For more information call SkillSoft at (603) 324-3000 or visit our website at
www.skillsoft.com.



Additional Information And Where To Find It

SmartForce intends to file a registration statement on Form S-4 in connection
with the transaction, and SmartForce and SkillSoft intend to mail a joint proxy
statement/prospectus to their respective stockholders in connection with the
transaction. Investors and security holders of SmartForce and SkillSoft are
urged to read the joint proxy statement/prospectus when it becomes available
because it will contain important information about SmartForce, SkillSoft and
the transaction. Investors and security holders may obtain a free copy of the
joint proxy statement/prospectus (when it is available) at the SEC's web site at
www.sec.gov. A free copy of the joint proxy statement/prospectus may also be
obtained from SmartForce or SkillSoft. SmartForce and its executive officers and
directors may be deemed to be participants in the solicitation of proxies from
the stockholders of SmartForce or SkillSoft in favor of the transaction.
SkillSoft and its executive officers and directors may be deemed to be
participants in the solicitation of proxies from the stockholders of SmartForce
and SkillSoft in favor of the transaction. Information regarding SmartForce's
directors and executive officers is contained in SmartForce's Form 10-K for the
year ended December 31, 2001, as amended, which is filed with the SEC. As of May
31, 2002, SmartForce's directors and executive officers beneficially owned
approximately 4.5 percent of SmartForce's outstanding voting stock. Information
regarding SkillSoft's executive officers is contained in SkillSoft's Form 10-K
for the year ended January 31, 2002 and its proxy statement dated May 13, 2002,
which are filed with the SEC. As of May 31, 2002, SkillSoft's directors and
executive officers beneficially owned approximately 43 percent of SkillSoft's
outstanding common stock. A description of employment agreements and other
interests of the SmartForce and SkillSoft directors and officers will be
available in the registration statement and the joint proxy
statement/prospectus.

In addition to the registration statement on Form S-4 to be filed by SmartForce
in connection with the transaction, and the joint proxy statement/prospectus to
be mailed to the stockholders of SmartForce and SkillSoft in connection with the
transaction, each of SmartForce and SkillSoft file annual, quarterly and special
reports, proxy and information statements, and other information with the SEC.
Investors may read and copy any of these reports, statements and other
information at the SEC's public reference rooms located at 450 5th Street, N.W.,
Washington, D.C., 20549, or any of the SEC's other public reference rooms.
Investors should call the SEC at 1-800-SEC-0330 for further information on these
public reference rooms. The reports, statements and other information filed by
SmartForce and SkillSoft with the SEC are also available for free at the SEC's
web site at www.sec.gov. A free copy of these reports, statements and other
information may also be obtained from SmartForce or SkillSoft.

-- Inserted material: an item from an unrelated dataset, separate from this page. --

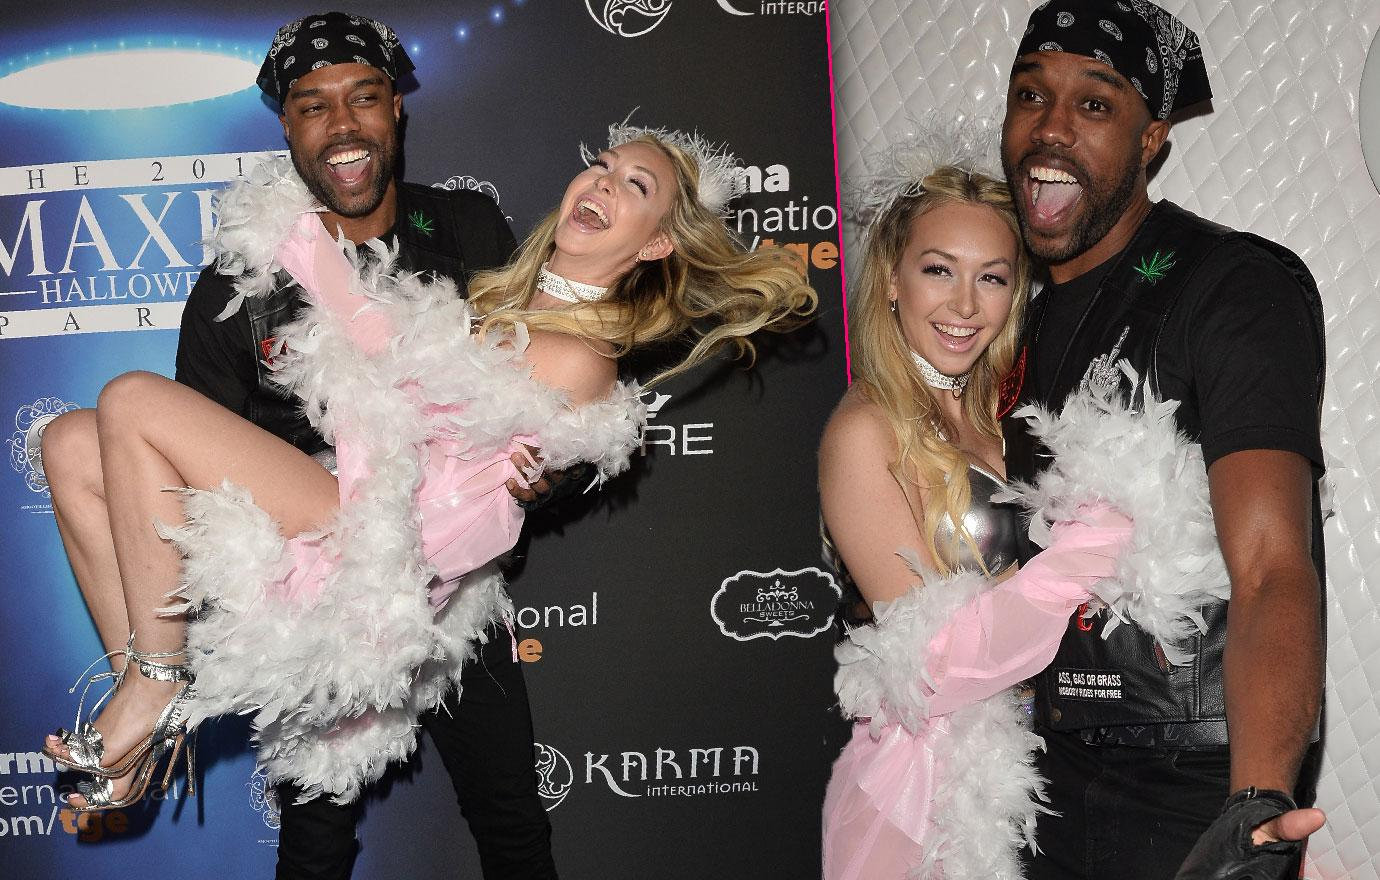 DeMario Jackson Picks Up Corinne Olympios Halloween Party Bikini

Forward Looking Statements

This news release contains forward-looking statements within the meaning of
Section 27A of the Securities Act of 1933, as amended, and Section 21E of the
Securities Exchange Act of 1934, as amended, including statements regarding
expected synergies,



the effect of the merger on long-term customer and shareholder value, the
ability to grow revenues and profits, the return on training investments for the
companies' customers, timing of closing, industry ranking, execution of
integration plans, management and organizational structure, the name of the
combined company, and the tax effect to the shareholders of both companies. All
forward-looking statements in this release are subject to risks, uncertainties
and assumptions that could cause actual results or events to differ materially
from those contained in the forward-looking statements. The factors that could
cause actual results or events to differ include, but are not limited to, the
possibility that the market for the sale of certain products and services may
not develop as expected, that development of these products and services may not
proceed as planned, that the transaction does not close, that the companies may
be required to modify aspects of the transaction to achieve regulatory approval,
that prior to the closing of the proposed merger, the businesses of the
companies suffer due to uncertainty, that the parties opt for a different name
for the combined company or that the parties are unable to transition customers,
successfully execute their integration strategies, or achieve planned synergies.
Additional factors that could cause actual results or events to differ
materially from those in the forward-looking statements are included in
SmartForce's and SkillSoft's filings with the Securities and Exchange
Commission, specifically SmartForce's annual report on Form 10-K for the year
ended December 31, 2001, SkillSoft's quarterly report on Form 10-Q for the
quarter ended April 30, 2002, and subsequently filed reports. The
forward-looking information provided by SmartForce and SkillSoft in this press
release represents SmartForce's and SkillSoft's views as of June 10, 2002.
SmartForce and SkillSoft anticipate that subsequent events and developments may
cause these views to change. However, while SmartForce and SkillSoft may elect
to update this forward-looking information at some point in the future,
SmartForce and SkillSoft specifically disclaim any obligation to do so. This
forward-looking information should not be relied upon as representing
SmartForce's or SkillSoft's views at any date subsequent to the date of this
release.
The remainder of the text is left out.